Is $(\pmb{1} + \pmb{\eta})\cdot\pmb{\omega_1} = \pmb{1} + \pmb{\eta}\cdot\pmb{\omega_1}$?
- $\pmb{\eta}$ - order type of $\mathbb{Q}$.
- $\pmb{1}$ - order type of a singleton set.
- $\pmb{\omega_0}$ - order type of $\mathbb{N}$.
- $\pmb{\omega_1}$ - order type of the first uncountable ordinal.
It is easy to see that $\pmb{\eta}\cdot\pmb{\omega_0} = (\pmb{\eta} + \pmb{1})\cdot\pmb{\omega_0} = \pmb{\eta}$ and $(\pmb{1} + \pmb{\eta})\cdot\pmb{\omega_0} = \pmb{1} + \pmb{\eta}\cdot\pmb{\omega_0} = \pmb{1} + \pmb{\eta}$. As it was shown in the answer to my last question, we also have $(\pmb{\eta} + \pmb{1})\cdot\pmb{\omega_1} = (\pmb{\eta}+\pmb{1})\cdot\pmb{\omega_0}\cdot\pmb{\omega_1}= \pmb{\eta}\cdot\pmb{\omega_1} $.

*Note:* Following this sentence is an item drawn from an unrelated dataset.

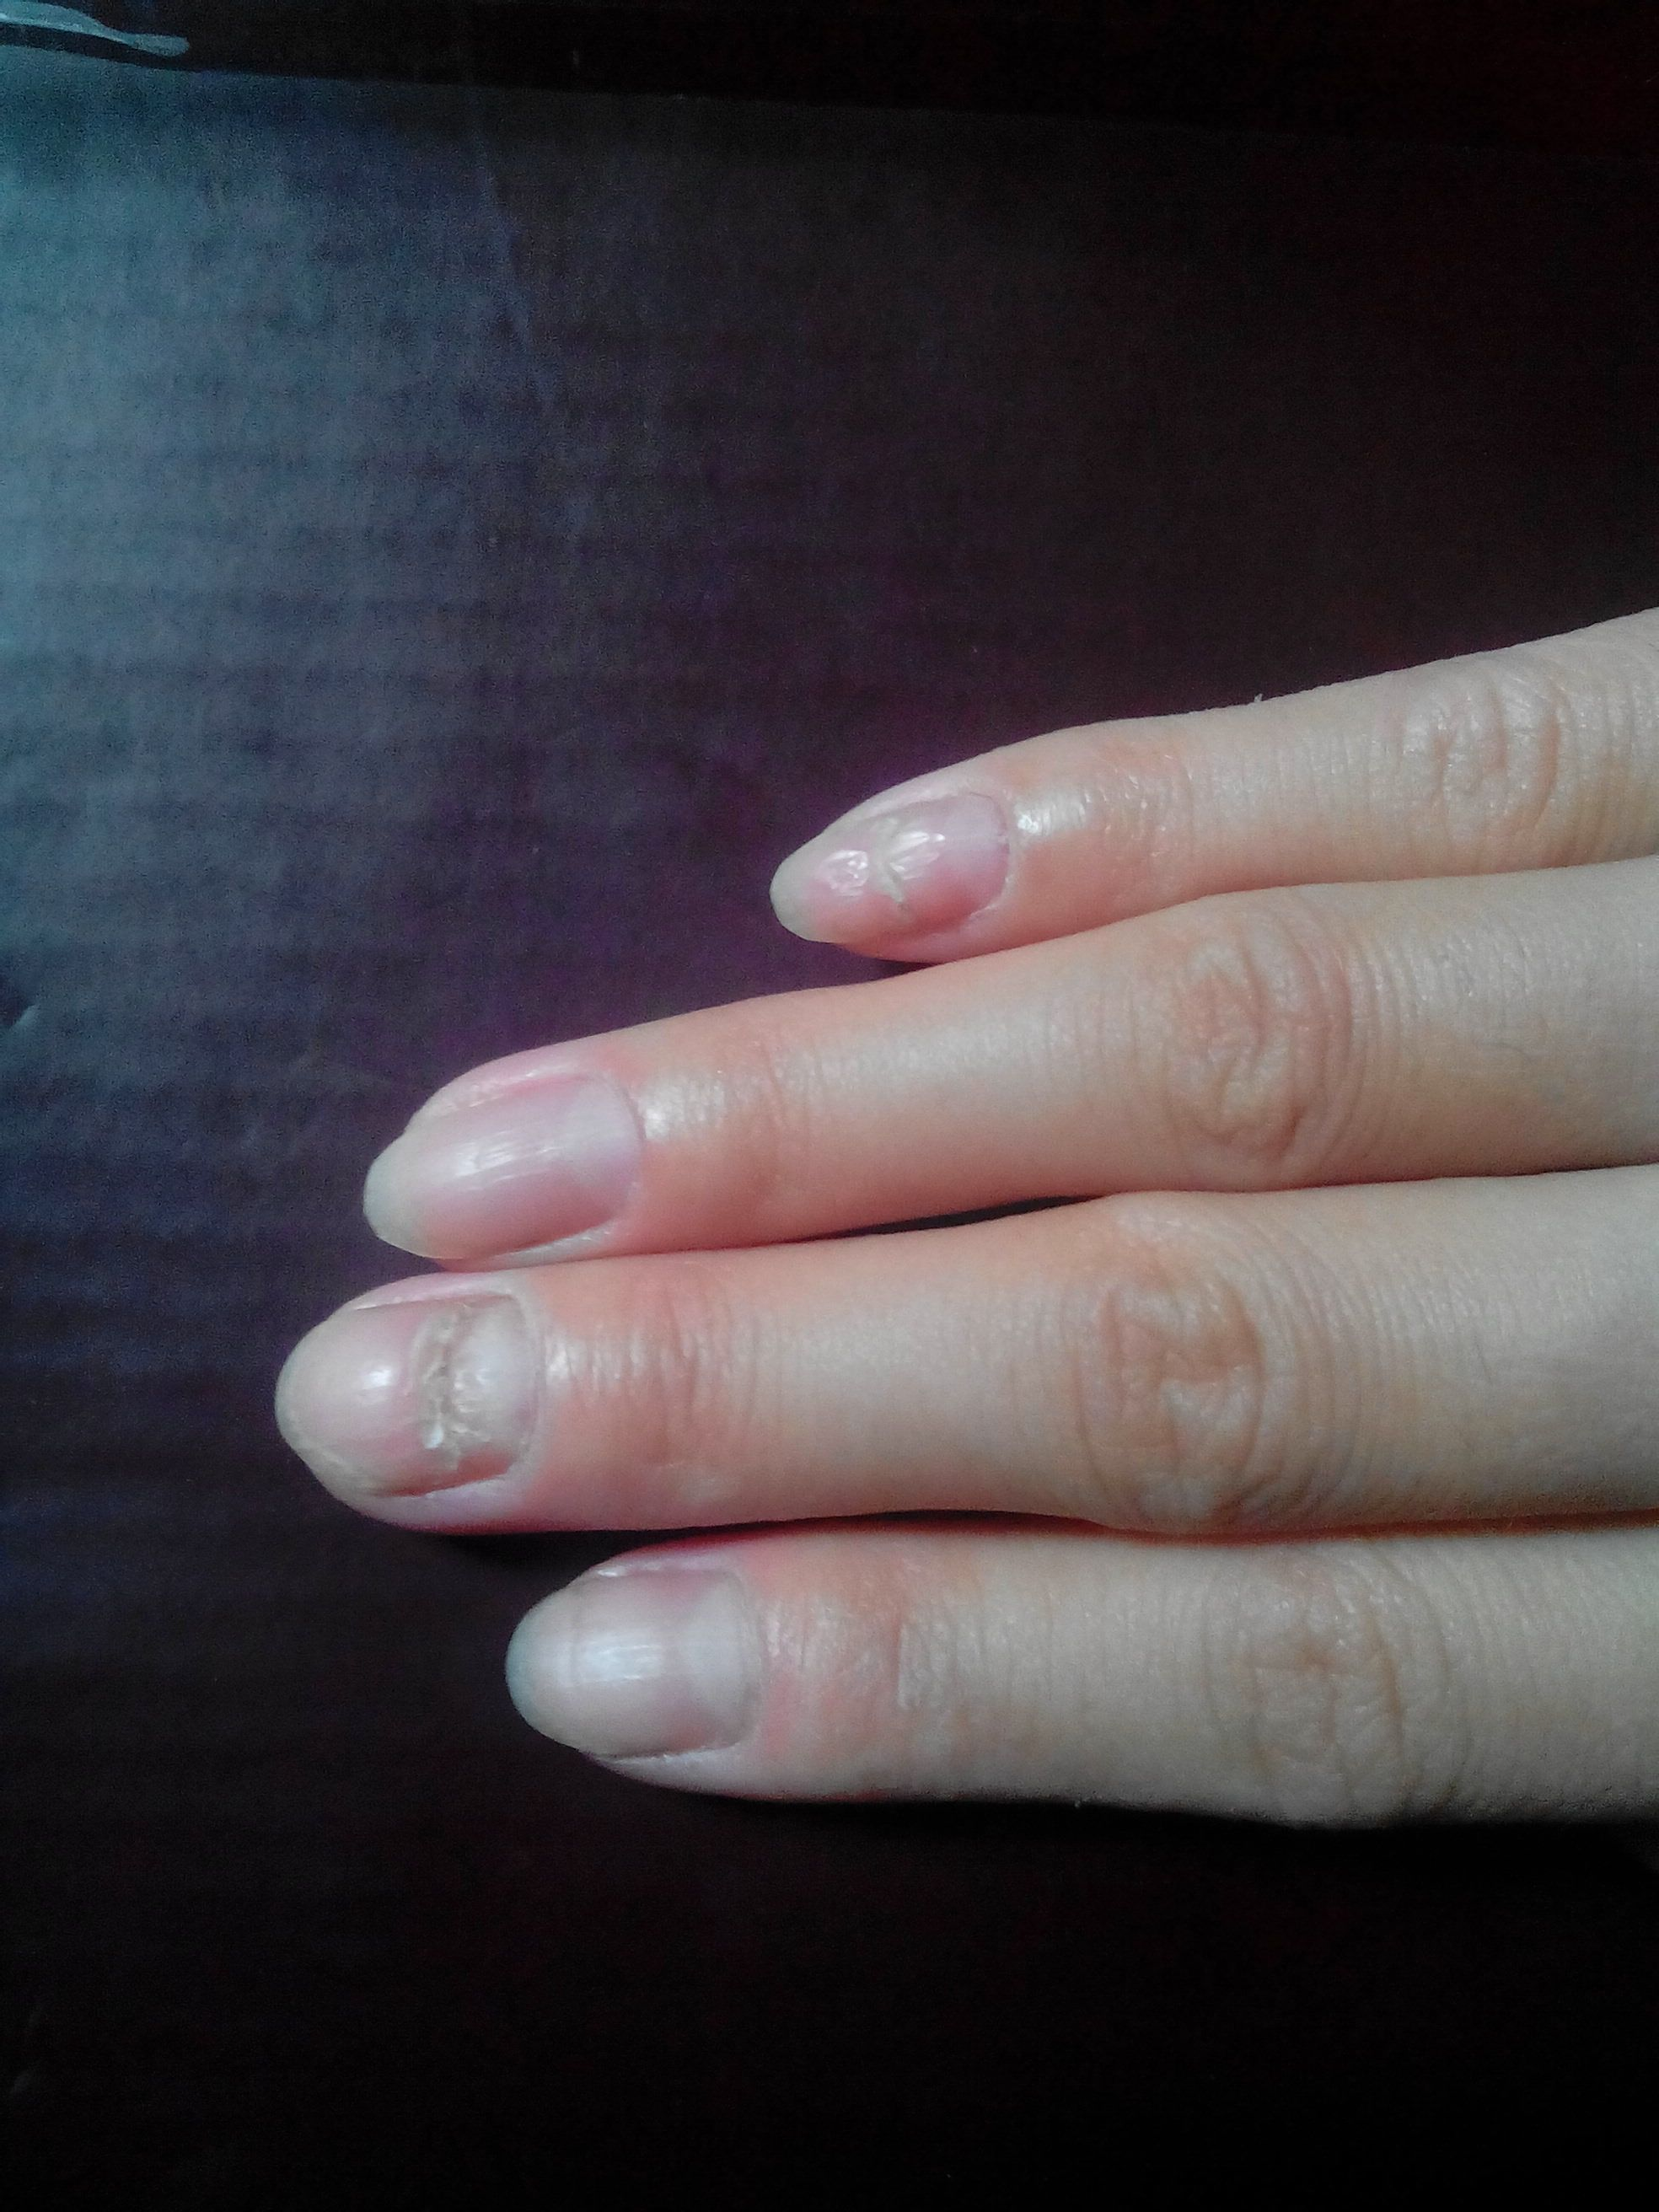 手指甲中间会断是怎么回事?有图大家帮看看 是缺什么营养?图片

Question: Is $(\pmb{1} + \pmb{\eta})\cdot\pmb{\omega_1} = \pmb{1} + \pmb{\eta}\cdot\pmb{\omega_1}$?
Solution 1:
Here is a somewhat relaxed way to see that the orders $1+\eta\cdot\omega_1$ and $(1+\eta)\cdot\omega_1$ are not isomorphic, by finding a topological feature of one order not exhibited in the other.

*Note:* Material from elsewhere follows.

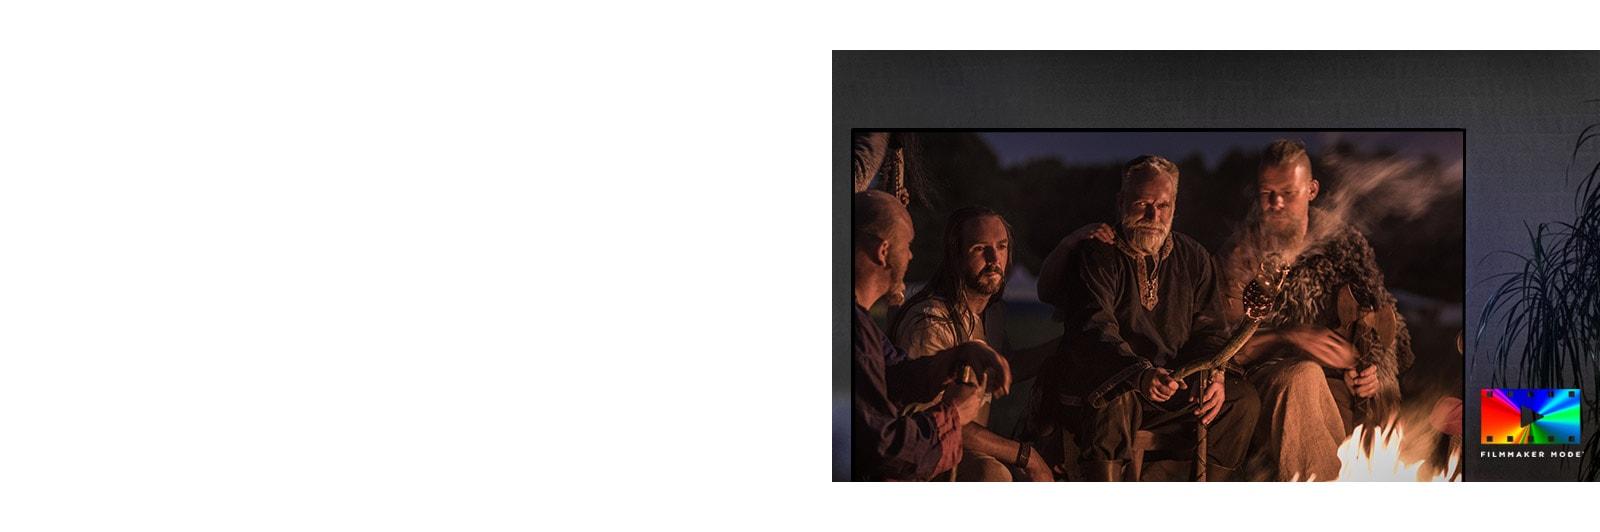 LG OLED55CXPTA FILMMAKER MODE
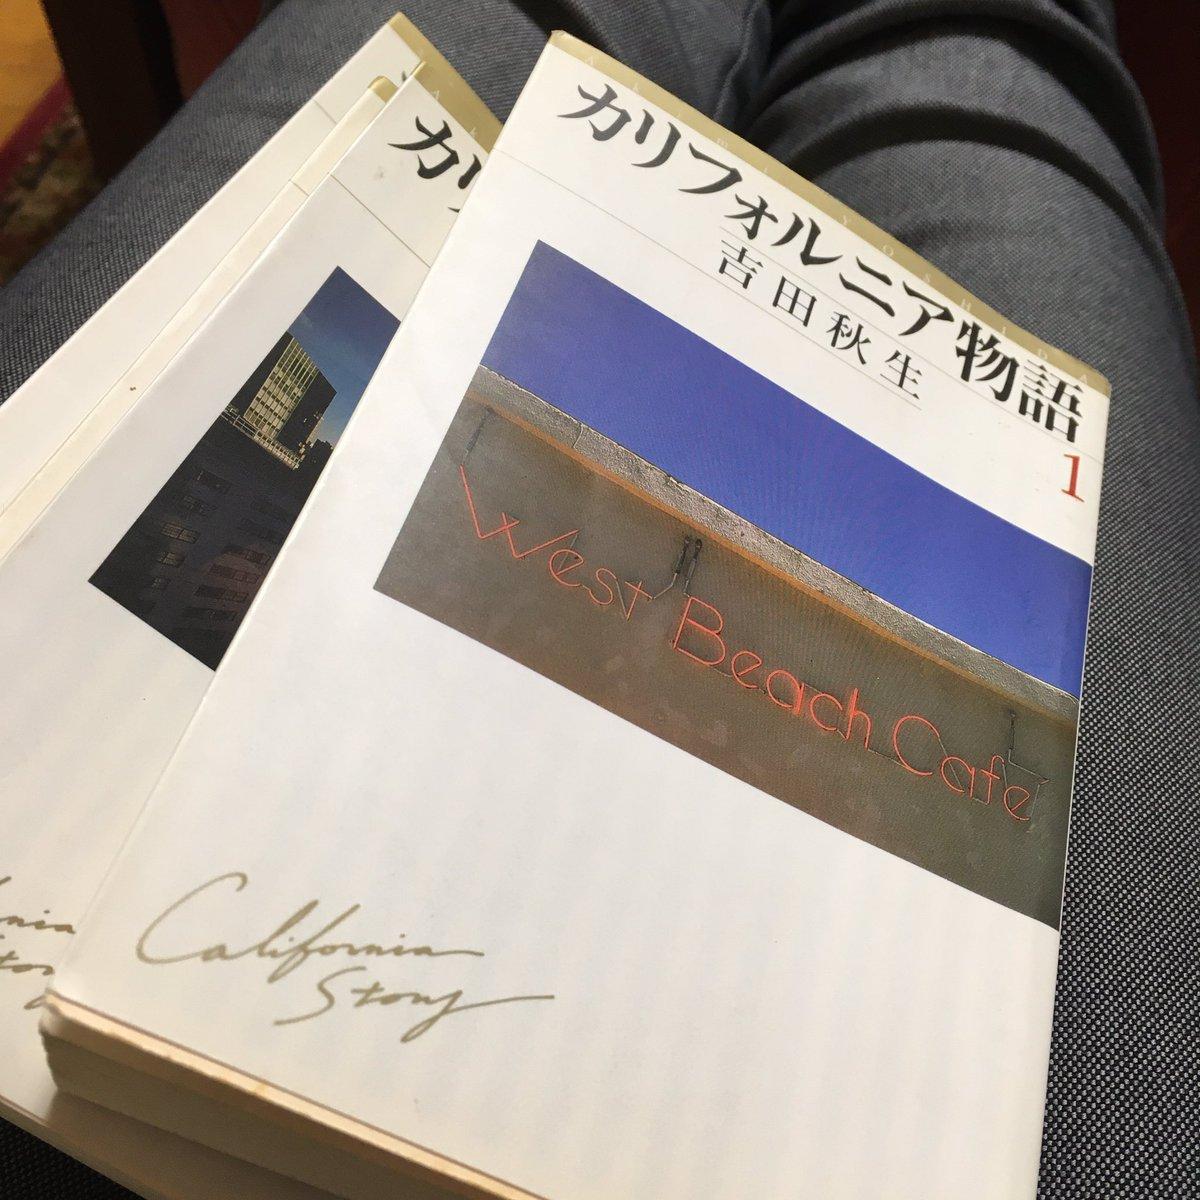 test ツイッターメディア - okayanと血糖値と低血糖の話から「夜叉」のストーリーを聞くに至り、初めての吉田秋生を某所で借りた。そして今のいままで「東京ラブストーリー」の原作者だとずっと勘違いしていたことに気がついたのである。 https://t.co/PfJrO3u20G

First, observe that $(1+\eta)\cdot\omega_1$ has a closed subset of order type $\omega_1$, namely, the points corresponding to the initial point of each of the intervals $1+\eta$ used to create it. This suborder contains limit points for all its increasing $\omega$-sequences.
But meanwhile, $1+\eta\cdot\omega_1$ has no such suborder. This is because this order contains no limits of sequences of points from distinct intervals (the $\eta$ intervals used to build it), but any subset of order type $\omega_1$ will have increasing sequences of points from distinct intervals.

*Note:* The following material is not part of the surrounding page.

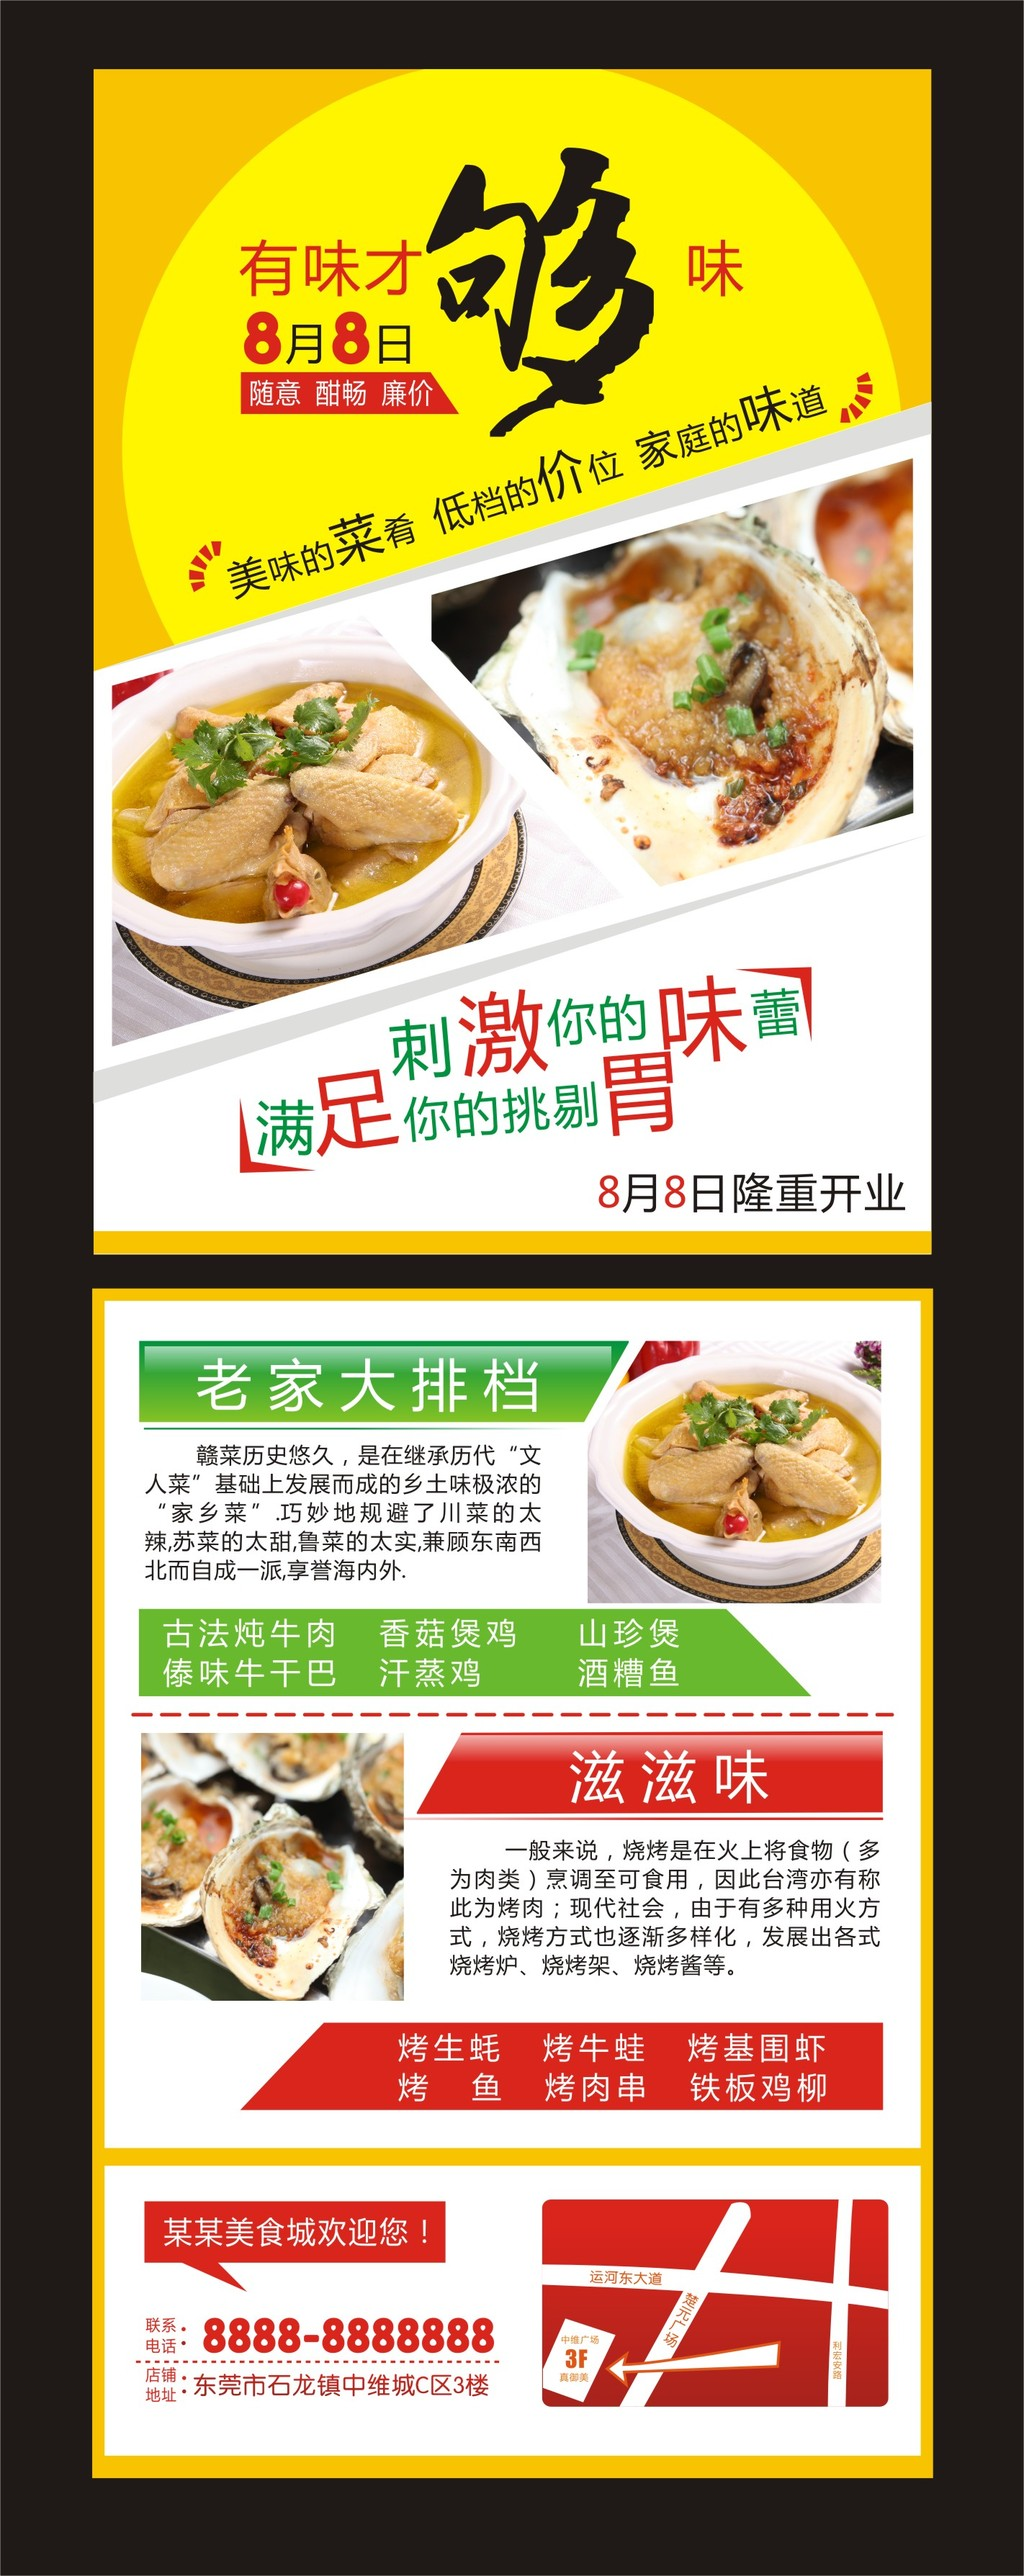 食品类宣传单 餐饮宣传单背景

So they are not isomorphic.
Solution 2:
$(1+\eta)\cdot\omega_1\ne 1+\eta\cdot\omega_1$. Equivalently, I’ll show that $\eta+(1+\eta)\cdot\omega_1\ne\eta\cdot\omega_1$.
Let $Q_0=\omega_1\times\big(\Bbb Q\cap[0,1)\big)$ and $Q=\omega_1\times\Bbb Q$, ordered lexicographically. Let $X=Q_0\setminus\{\langle 0,0\rangle\}$, and suppose that $h:X\to Q$ is an order-isomorphism. For each limit ordinal $\xi\in\omega_1$ let $\langle\xi_k:k\in\omega\rangle$ be a strictly increasing sequence of ordinals with limit $\xi$. Then
$$\Big\langle h\big(\langle\xi_k,0\rangle\big):k\in\omega\Big\rangle\nearrow h\big(\langle\xi,0\rangle\big)\;.$$
If $h\big(\langle\xi,0\rangle\big)=\langle f(\xi),q_\xi\rangle$, there is an $n(\xi)\in\omega$ such that $h\big(\langle\xi_k,0\rangle\big)\in\{f(\xi)\}\times(\leftarrow,q_\xi)_{\Bbb Q}$ for $k\ge n(\xi)$. The map $\xi\mapsto\xi_{n(\xi)}$ is a pressing-down function on the cub of limit ordinals in $\omega_1$, so there is a stationary subset $S$ of limit ordinals and an $\alpha\in\omega_1$ such that $\xi_{n(\xi)}=\alpha$ for each $\xi\in S$. Then for each $\xi\in S$ we have $h\big(\langle\alpha,0\rangle\big)\in\{f(\xi)\}\times(\leftarrow,q_\xi)_{\Bbb Q}$, so there is some $\beta\in\omega_1$ such that $f(\xi)=\beta$ for each $\xi\in S$. But then $h\big[S\times\{0\}\big]\subseteq\{\beta\}\times\Bbb Q$, which is absurd, since $|S\times\{0\}|=\omega_1$, $\{\beta\}\times\Bbb Q$ is countable, and $h$ is injective.